|

San Francisco International Film Festival in a To-Go Cup?

Hotel 22 Still
Hotel 22 spends a night on a bus route with many people who call it home.

The 58th San Francisco International Film Festival extends the festival fun with an online screening room.

This year the 58th annual San Francisco International Film Festival, the longest-running film festival in the United States, went the traditional route — it screened films in theatres around San Francisco, including the Sundance Kabuki Cinemas and the historic (and beautiful) Castro Theatre. It also took off into the cloud(s) with the addition of the first-ever SFFS Online Screening Room.

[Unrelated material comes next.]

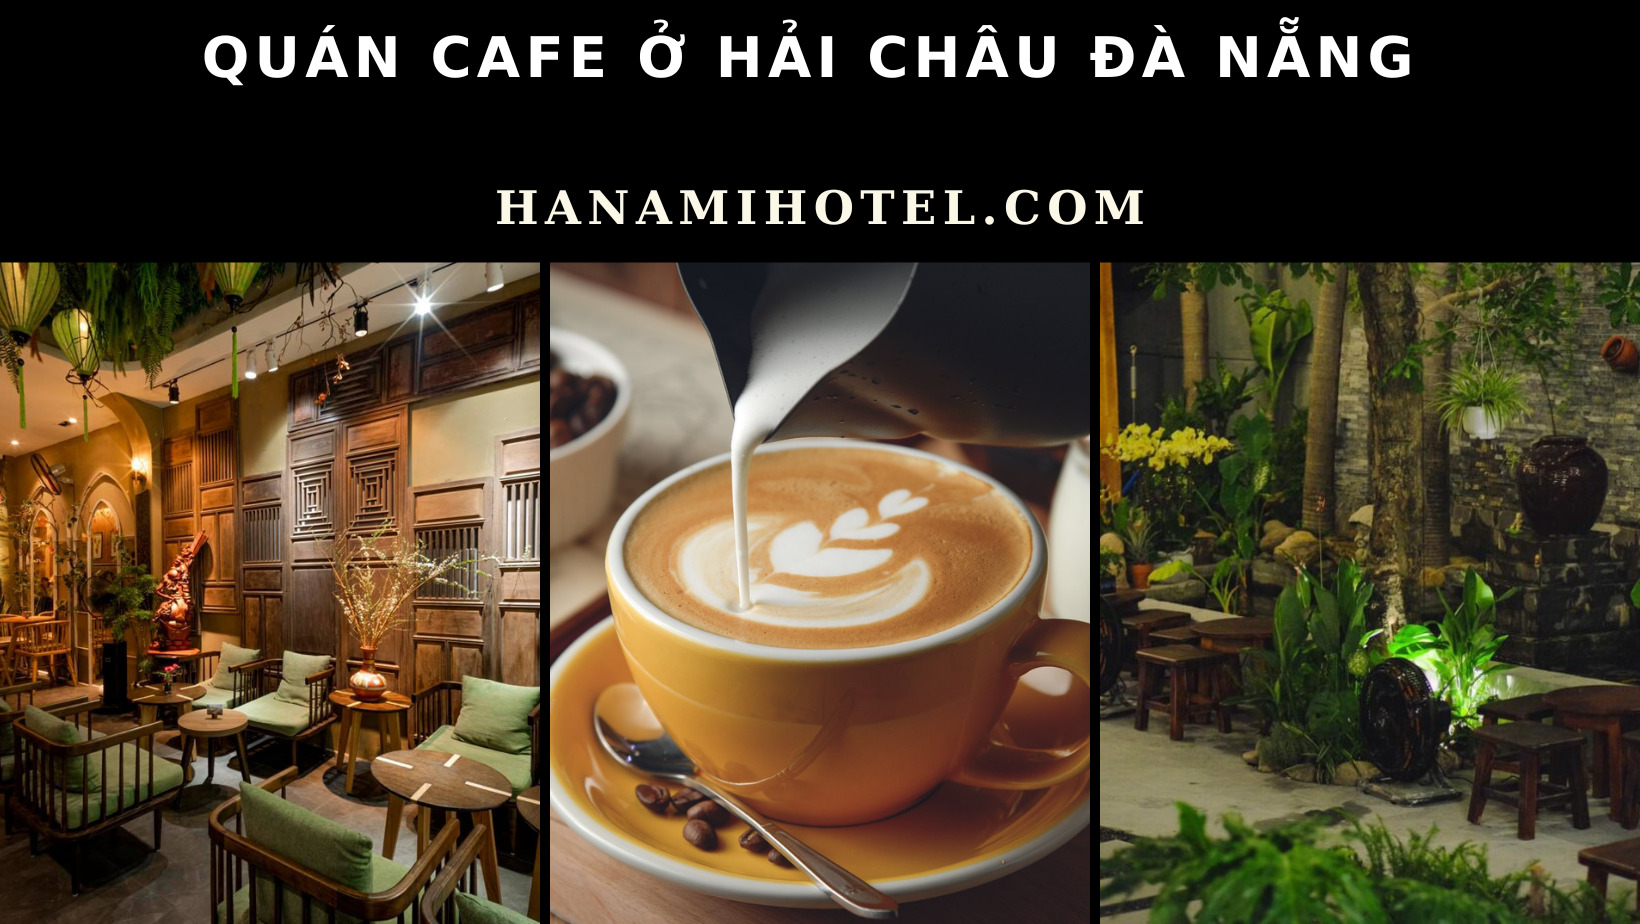 Quán cafe ở Hải Châu Đà Nẵng

The online screening room is a curated selection of films from SFIFF 2015, available for streaming through June 7th for festival ticket holders and San Francisco Film Society members. SFFS partnered with FORA.tv, an online distribution company based in San Francisco, for this new initiative, which includes 14 features and 11 shorts from the SFIFF58 line-up, many of which were festival winners. The SFIFF was held April 23 – May 7 and screened 183 films from 47 countries, including 67 narrative features, 35 documentaries, and 79 short films.

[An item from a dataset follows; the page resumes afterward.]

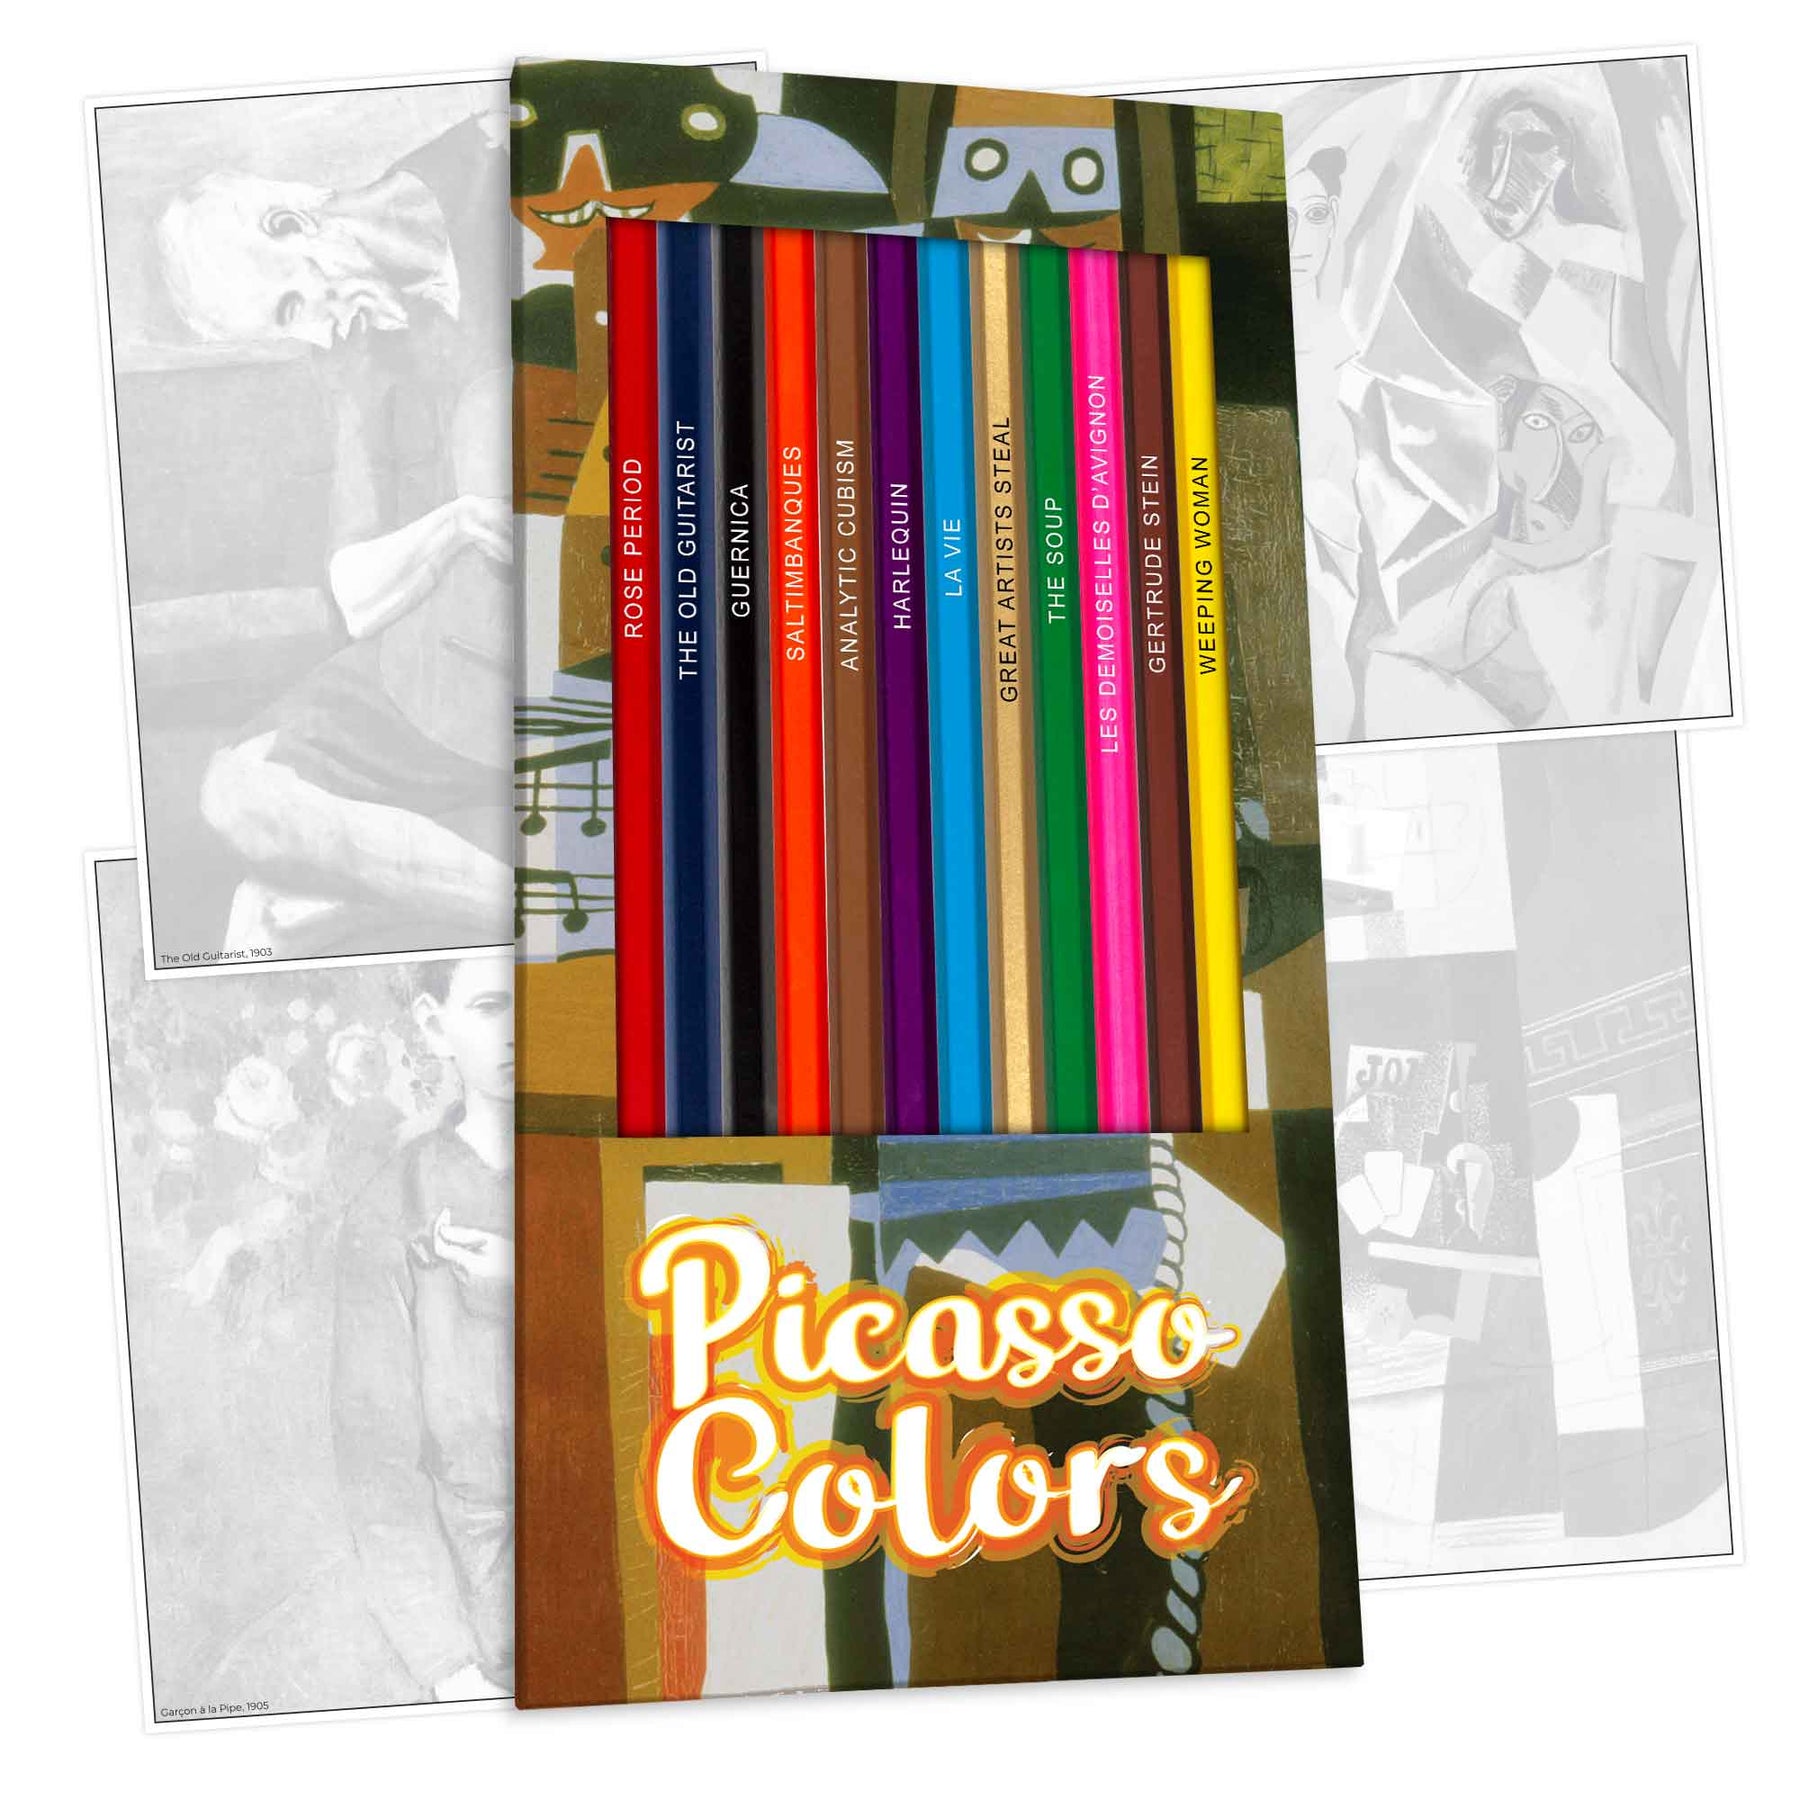 Prismacolor Scholar Art Pencil Sets

Highlights from the online screening room (and the in-person) festival are below.

Hotel 22

This important short documentary, by filmmaker Elizabeth Lo, highlights the growing wealth gap in San Francisco as the recent tech boom displaces more and more homeless people. Every night in Silicon Valley, public bus #22, which runs 24 hours, becomes an unofficial shelter for the homeless. The film chronicles a single night on the route where homeless men, women, and families fill the bus long after the last tech worker has gone home. Many of these homeless people are on a waiting list for a shelter and have nowhere else to sleep. Instead, they sleep in two-hour increments, as the bus loops between San Jose and Palo Alto. They must wake up every two hours to get off the bus, only to get back on to travel (and sleep) in the reverse direction. The metallic bus railings and seats generate a neon, blue-ish hue and give the film a sci-fi feel. But this is not a work of fiction, instead, it’s the grim reality that many Bay Area homeless persons face each night.

In January 2015, the film played at Sundance Film Festival and as part of the New York Times Op-Docs. Documentarian Elizabeth Lo is an MFA candidate in the Stanford University documentary film program. Hotel 22 is eight minutes long and played in the Shorts 1 series at SFIFF. It is a Cinema by the Bay film, a selection of short and feature films about the Bay Area, to connect the region’s film culture and practice to area film audiences.

The Chicken

When Selma receives a live chicken for her 6th birthday from her father, who is away fighting during the occupation of Sarajevo in 1993, it seems like an awkward and questionable gift to bestow on his young daughter, her older sister, and their mother, as they try to make do in their tiny apartment. The chicken bobbles around from room to room, longing to break free, and Selma follows it, trying to hug it and play with it as only a little child would. When Selma discovers what her mother intends to do with the chicken in order to sustain her young daughters, Selma’s actions lead to dangerous consequences. But we discover that the father’s gift was in fact quite wise, particularly given the circumstances that his young family faces without him.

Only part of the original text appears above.